What Is the Narcotics Anonymous Program?
NA is a nonprofit fellowship or society of men and women for whom drugs had become a major problem. We are recovering addicts who meet regularly to help each other stay clean. This is a program of complete abstinence from all drugs. There is only one requirement for membership, the desire to stop using. We suggest that you keep an open mind and give yourself a break. Our program is a set of principles written so simply that we can follow them in our daily lives. The most important thing about them is that they work.
The Seventh Tradition is confusing at first to most of us. The basket is passed, and our reaction ranges from surprise (because we thought this was free), to guilt (because we have nothing to put in), to shame (because people see we don't), to resistance (because do we have to?), to indignation (because hell no).

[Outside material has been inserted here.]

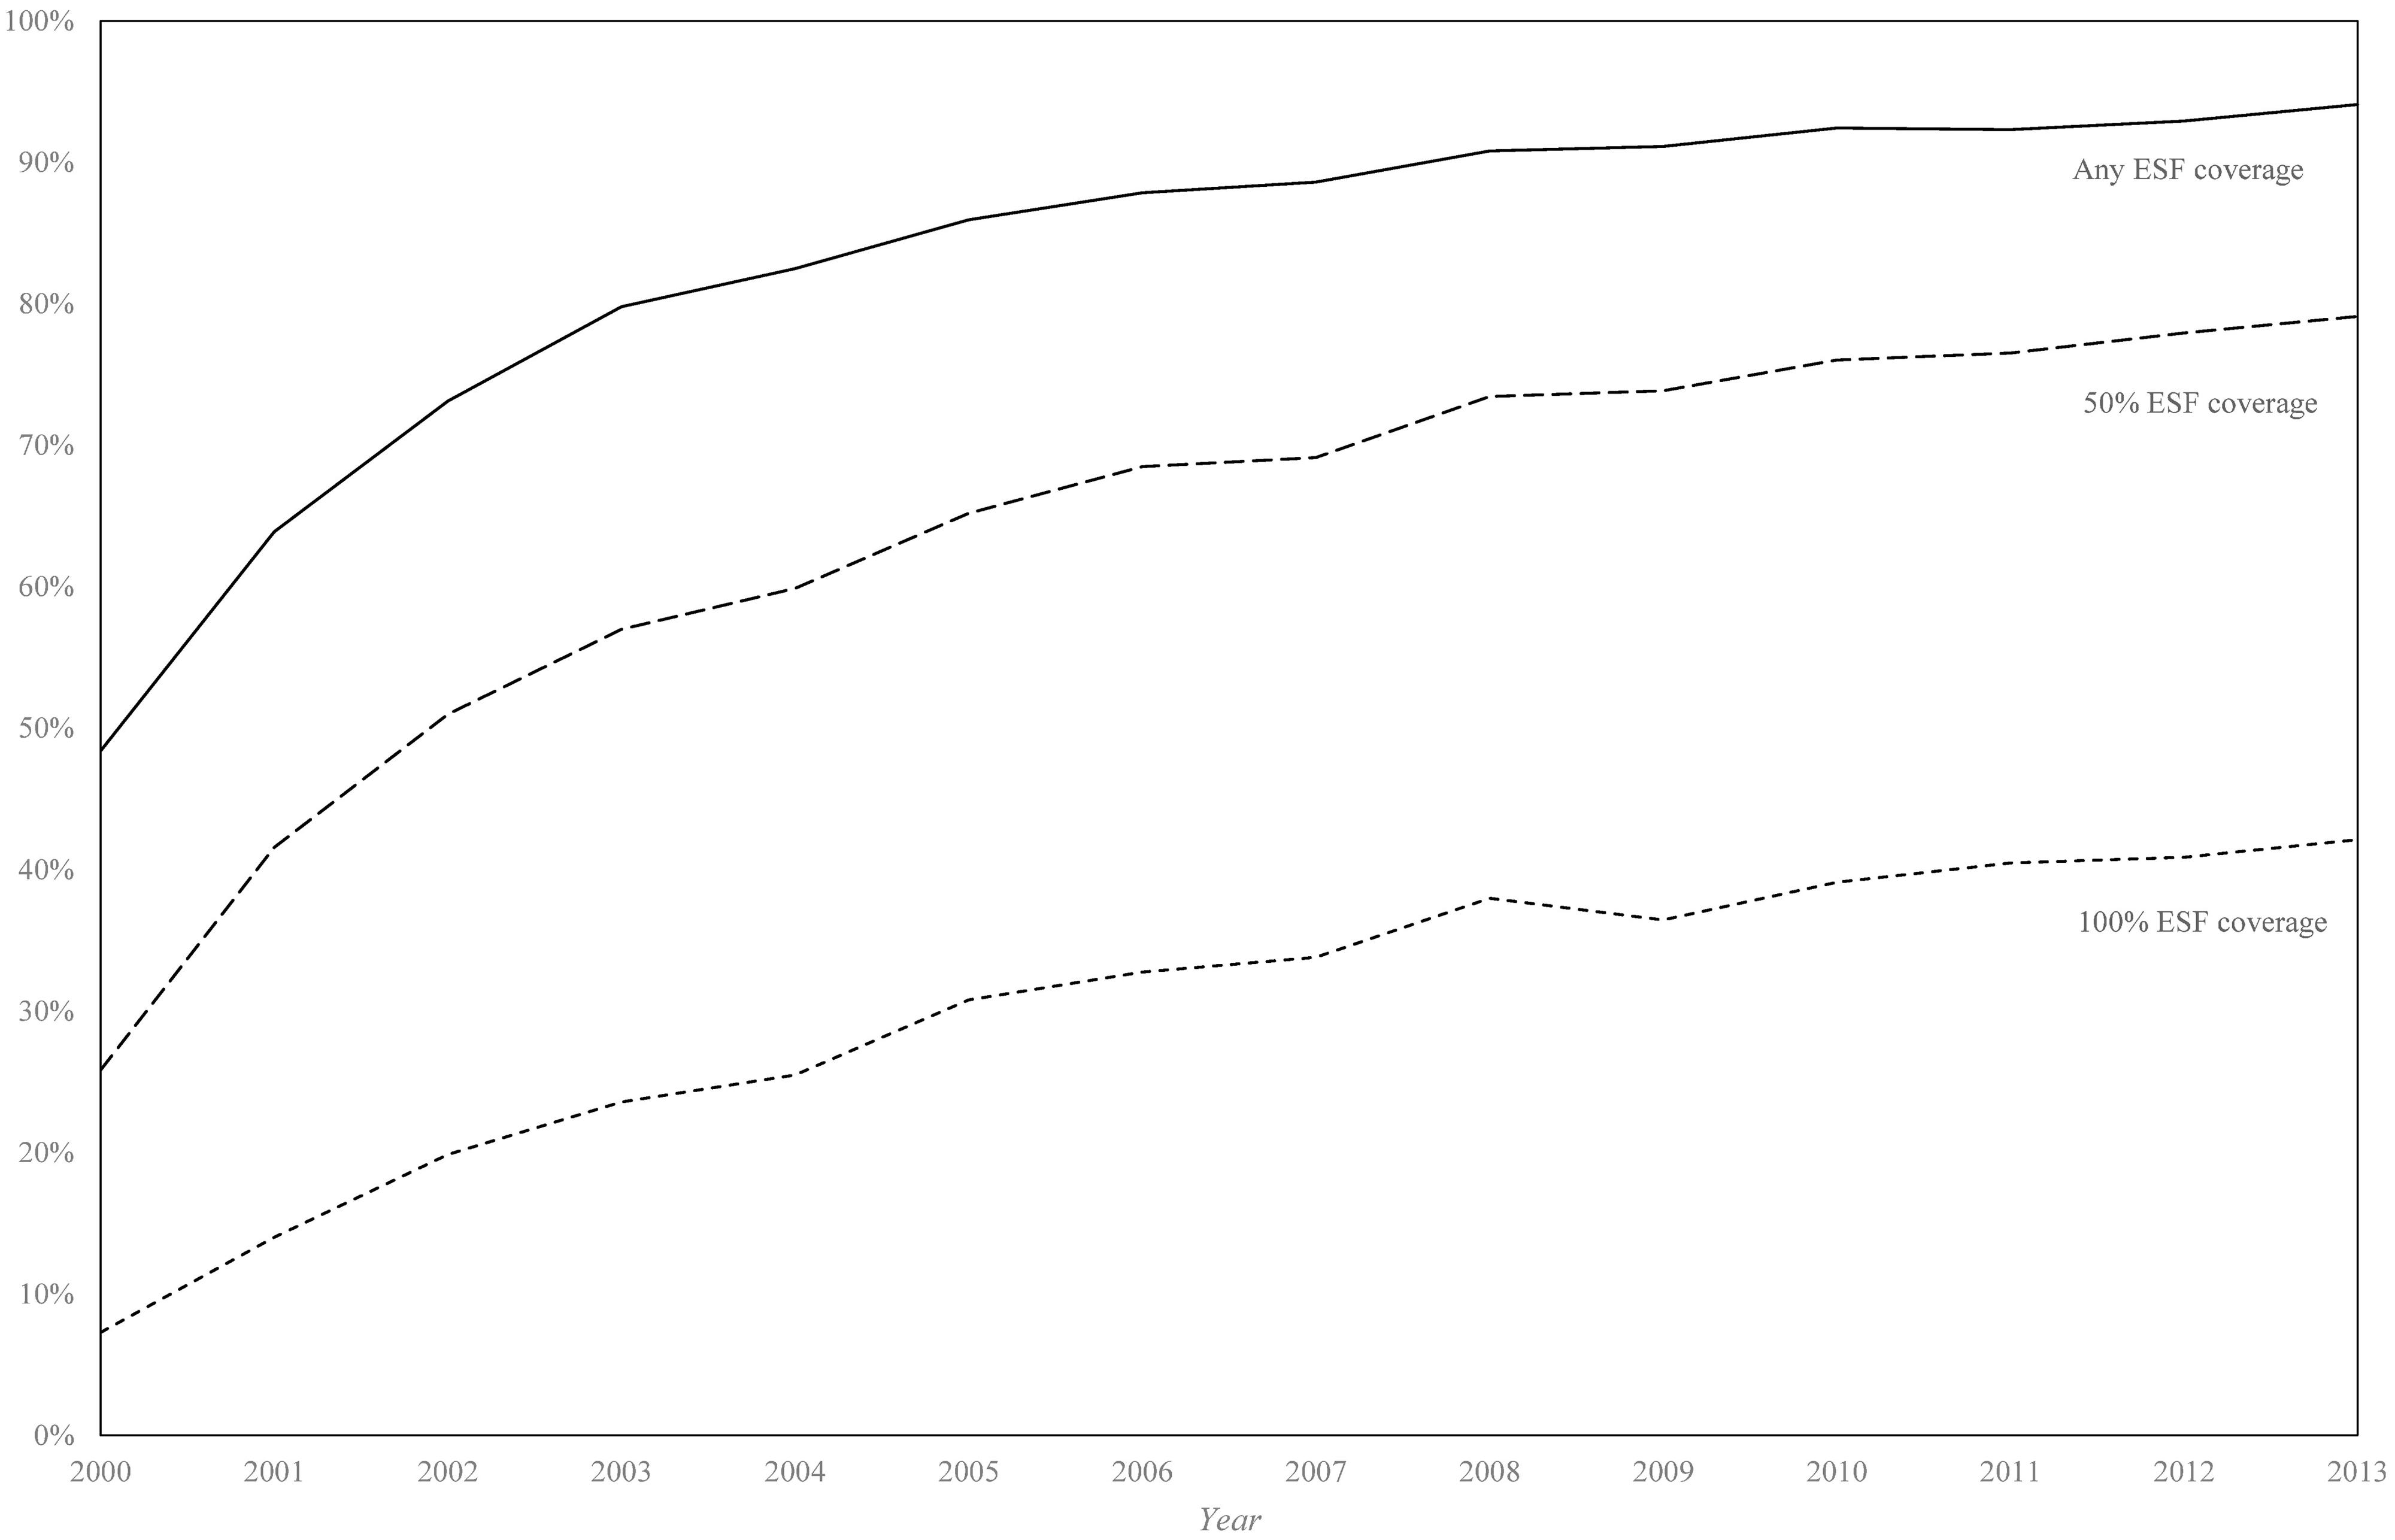 Percentage of municipalities achieving any, 50%, and 100% Estratégia de Saúde da Família coverage (2000–2013).
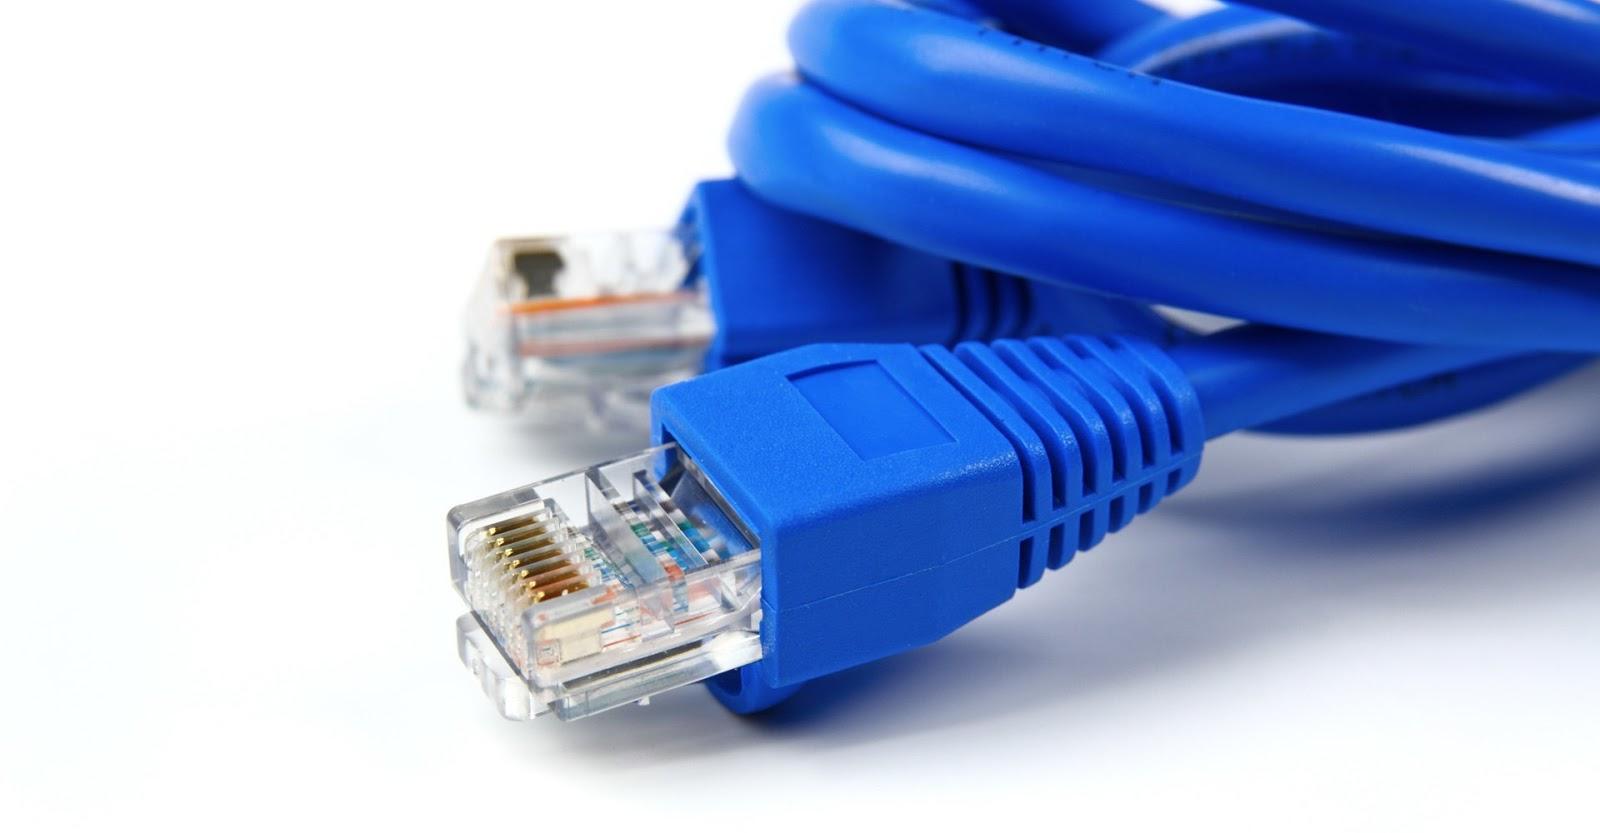 network wiring volvo v70 diagram 2005 scavenger 39s blog raspberry pi starter kit

In time, we absorb the meaning of Tradition Seven, appreciating the importance of our contributions as a demonstration of our gratitude and our commitment to self-support. We give what we can, when we can, and sometimes more than we thought we ever could or would--not just with our money, but with our skills, our passion, our empathy, and our time. And we also come to understand how contributing to NA demonstrates our commitment to the program and gratitude for its impact on our lives.
Beyond the basket, it's tempting to assume that service that requires an election, gives us a title, or takes a lot of time has the most meaning. A member aptly shared this: "We are often asked if a glass of water is half-empty or half-full, but I'm not concerned with how much water is in the glass. I just want to know how good the water tastes. The quality of NA work we do is more important than the quantity. Every bit of love and gratitude we contribute has value."
Sometimes momentary acts of gratitude have lifelong meaning to another addict: remembering a newcomer's name or saying "welcome home" to a member returning after a relapse.
And then there are those acts of service we use to occupy us so that we can endure the terrible awkwardness we sometimes feel. They can help us stall long enough to get up the guts to ask someone to sponsor us. They keep us busy until we are ready to receive hugs. At times, just having something physical to do before or after the meeting can help us keep it together when our insides feel like they are ready to spill out. These contributions are self-supporting in a different way. We're grateful that they get us through challenging moments.